А теперь в лесополосе шириною в полкилометра произрастали и грибы, и ягоды.
В прошлом году обоих внуков увозили к другому деду. Теперь вот решил прихватить с собой обоих внуков.
Для Семена бахча была своеобразной каторгой.
- Дед уверен, что для меня его баштан кайф, – думал про себя Семен. – Ну, с недельку выдержу,  с Петькой потаскаюсь, а потом надо линять в город к деду Артему. Там будет у меня «культурная программа»…
На баштане надо вставать рано, когда спать смертельно хочется.
Сбегать на дальний край за прошлогодними стеблями подсолнуха, увязать их в снопы, тащить к куреню и разжигать костер. Костерок под чугунком пожирает их мгновенно, только крутись.
 Собственно костер Семен любил, в особенности ночью, когда сухие узлы стеблей стреляют красными искрами, и они несутся вверх к звездам; в поднимающемся над костром теплом воздухе просвечивающиеся созвездия плывут и пляшут, колеблются в бесконечном танце. Любил он и вкус печеной в костре картошки и сахарной свеклы. Свеклу таскали с соседнего поля. Вкус и запах печеной картошки были неповторимы, куда лучше, чем в городских пакетиках чипсов.
А еще ходить за водой. Родник находился в степном овраге с осыпями по краям и густыми зарослями разнородного кустарника вдоль ручейка. С тяжелой канистрой в рюкзаке выбираться из оврага не просто, а под палящим солнышком и взмокнешь как следует.  Поэтому за водой дед отправлял с раннего утра, пока солнце еще низко и роса на широких листьях дынь играет радугой и стекает ручейком на землю. Семен отправлялся в путь с неохотой, но потом увлекался. Задрав голову, пробовал выследить в небе жаворонка или коршуна. А то смотрел, как в кустарнике на склоне оврага паук строит свою сеть. Семен мог бы написать научное сочинение с описанием, как паук точно рассчитывает план и геометрию своей будущей паутины, как по своей паутинке возвращается в расчетную точку, чтобы закрепить начало следующей нити…
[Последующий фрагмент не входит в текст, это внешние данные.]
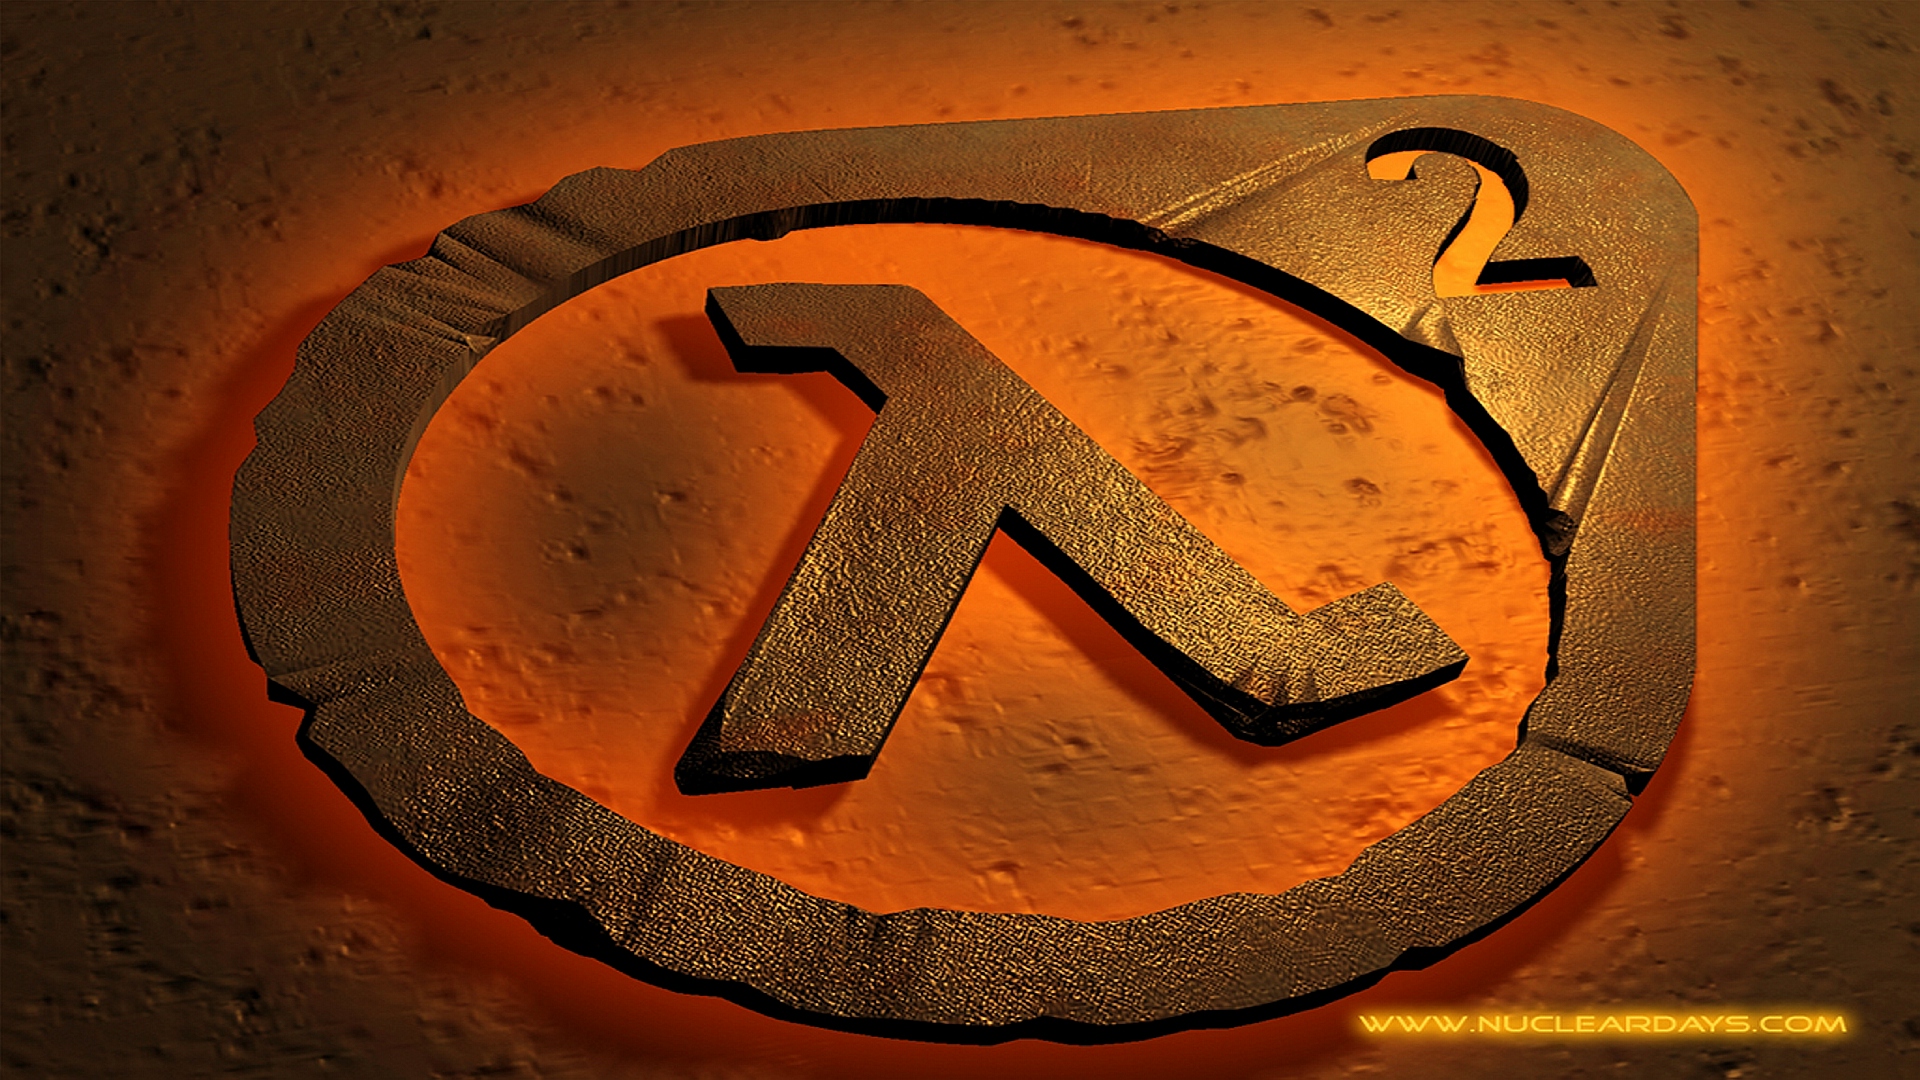 Nuclear Half Life HD Wallpaper Background

Немного веселее смотаться на велосипеде в сельмаг за продуктами. Это уже какое-никакое развлечение. Там «побазарить» с девчонками, которых мамки отправляют в магазин. Магазин работал всего четыре часа в день и, хотя деревня небольшая, да четверть домов пустовали, очередь покупателей имела место быть.
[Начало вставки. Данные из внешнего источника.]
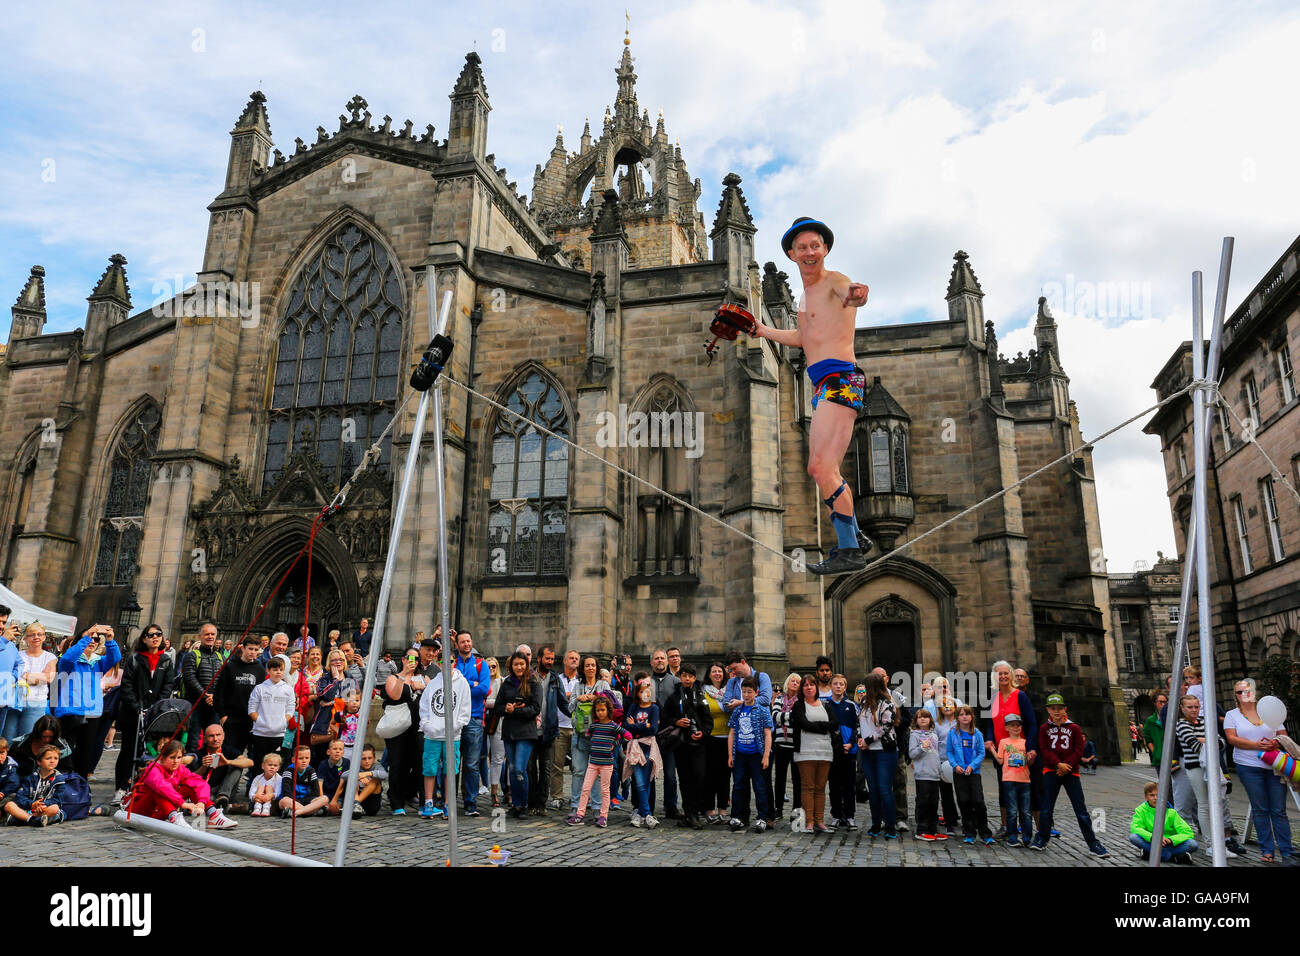 Edinburgh, UK. 05th Aug, 2016. The 69th Edinburgh Fringe Festival, considered to be the biggest Arts Festival in Britain started today with a selection of the usual acts of jugglers, magicians, musicians, comedians and vaudeville acts plying their trade along High Street and The Royal Mile. The Fringe and Festival is an annual attraction and it brings tourists from across the world to Edinburgh for 3 weeks of entertainment. Credit:  Findlay/Alamy Live News Stock Photo

 На обратном пути искупаться в озерце. Дед, конечно, поворчит:
- За смертью тебя посылать. Сам бы пешком сходил и уже вернулся. В озере, небось, отмокал, а потом сопливить будешь. Вот не пустит тебя мать в следующий раз… – нашел чем напугать!
Федор Петрович не имел манеры ворчать долго, если только на него не «находило». Тогда в нем просыпались учительские замашки, и он мог подолгу рассуждать, как следует жить, продолжая говорить и тогда, когда Семен удалялся за предел слышимости надтреснутого дедова голоса.
Самым неприятным занятием была просапка грядок на небольшом огородике. Грядки разбиты на пологом берегу степного озерца. Землица была заливной: после таяния снега вода держалась три-четыре недели; затем куда-то девалась, так как из озерца никакой ручей не вытекал, разве что просачивался сквозь породы в тот самый родник, что жил в овраге как будто собственной жизнью. Землю под грядки выделил Бабию колхоз.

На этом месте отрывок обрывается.